Snohomish County Judge John Allendoerfer said Tuesday he was ending the yearlong judicial rehabilitation experiment because of "flaws which unfortunately threaten its credibility and integrity."The judge said he saw dramatic changes for the good in Simon Roberts and Adrian Guthrie, but there were too many problems with banishment - including reports of unauthorized travel and infighting among Alaska tribal judges.

"It is time to end this experiment while it can still be ended on a positive note," Allendoerfer said.

The experiment was to have run for another six months, but the judge had reserved the right to recall the 18-year-olds at any time.

Allendoerfer sentenced Roberts to four years and seven months in prison, and Guthrie to two years and seven months. Both were credited with about a year they spent in jail before being banished to separate islands in southeast Alaska to undergo traditional Tlingit rehabilitation.

The judge also ordered them to jointly pay about $36,000 restitution to Tim Whittlesey, the driver they robbed and severely beat in August 1993. Whittlesey has said he suffers dizziness, headaches, hearing loss and balance problems from the beating.

Roberts and Guthrie were 16 at the time of the robbery. Roberts got the longer term because he wielded the bat.

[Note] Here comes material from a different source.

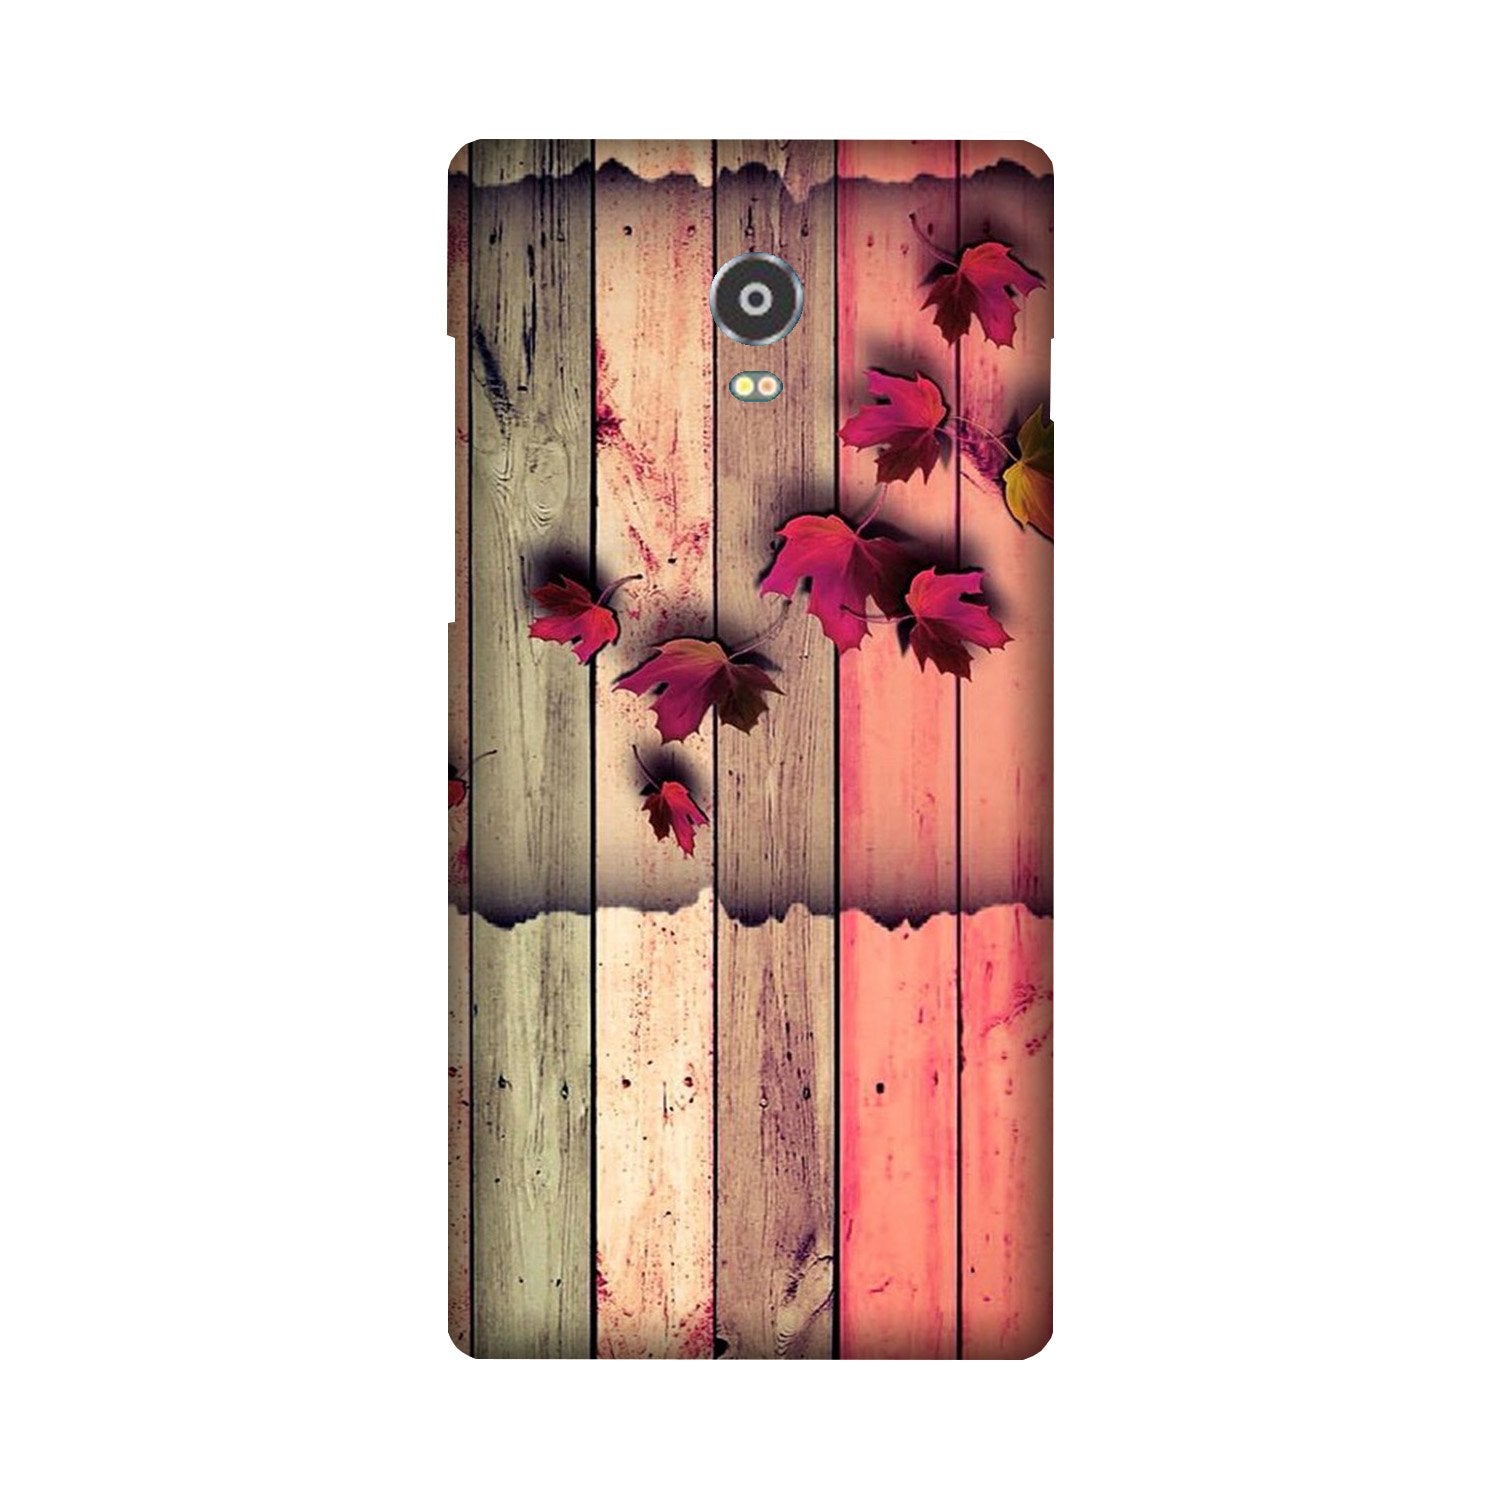 Wooden look2 Case for Lenovo Vibe P1

"I think the judge made a good decision," a somber Roberts said after the hearing, adding that he had always expected to serve prison time.

Guthrie declined comment.

Prior to Allendoerfer's decision, both teens said they had benefited from their banishment.

Roberts told the judge that at first he thought the banishment would be "like a camping trip." But as time went on and he learned to fend for himself in the wilderness, he said he grew up "mentally, emotionally, spiritually and physically."

Guthrie likewise thanked Allendoerfer. He said the experiment gave him a chance "to become that which I need to be - a man."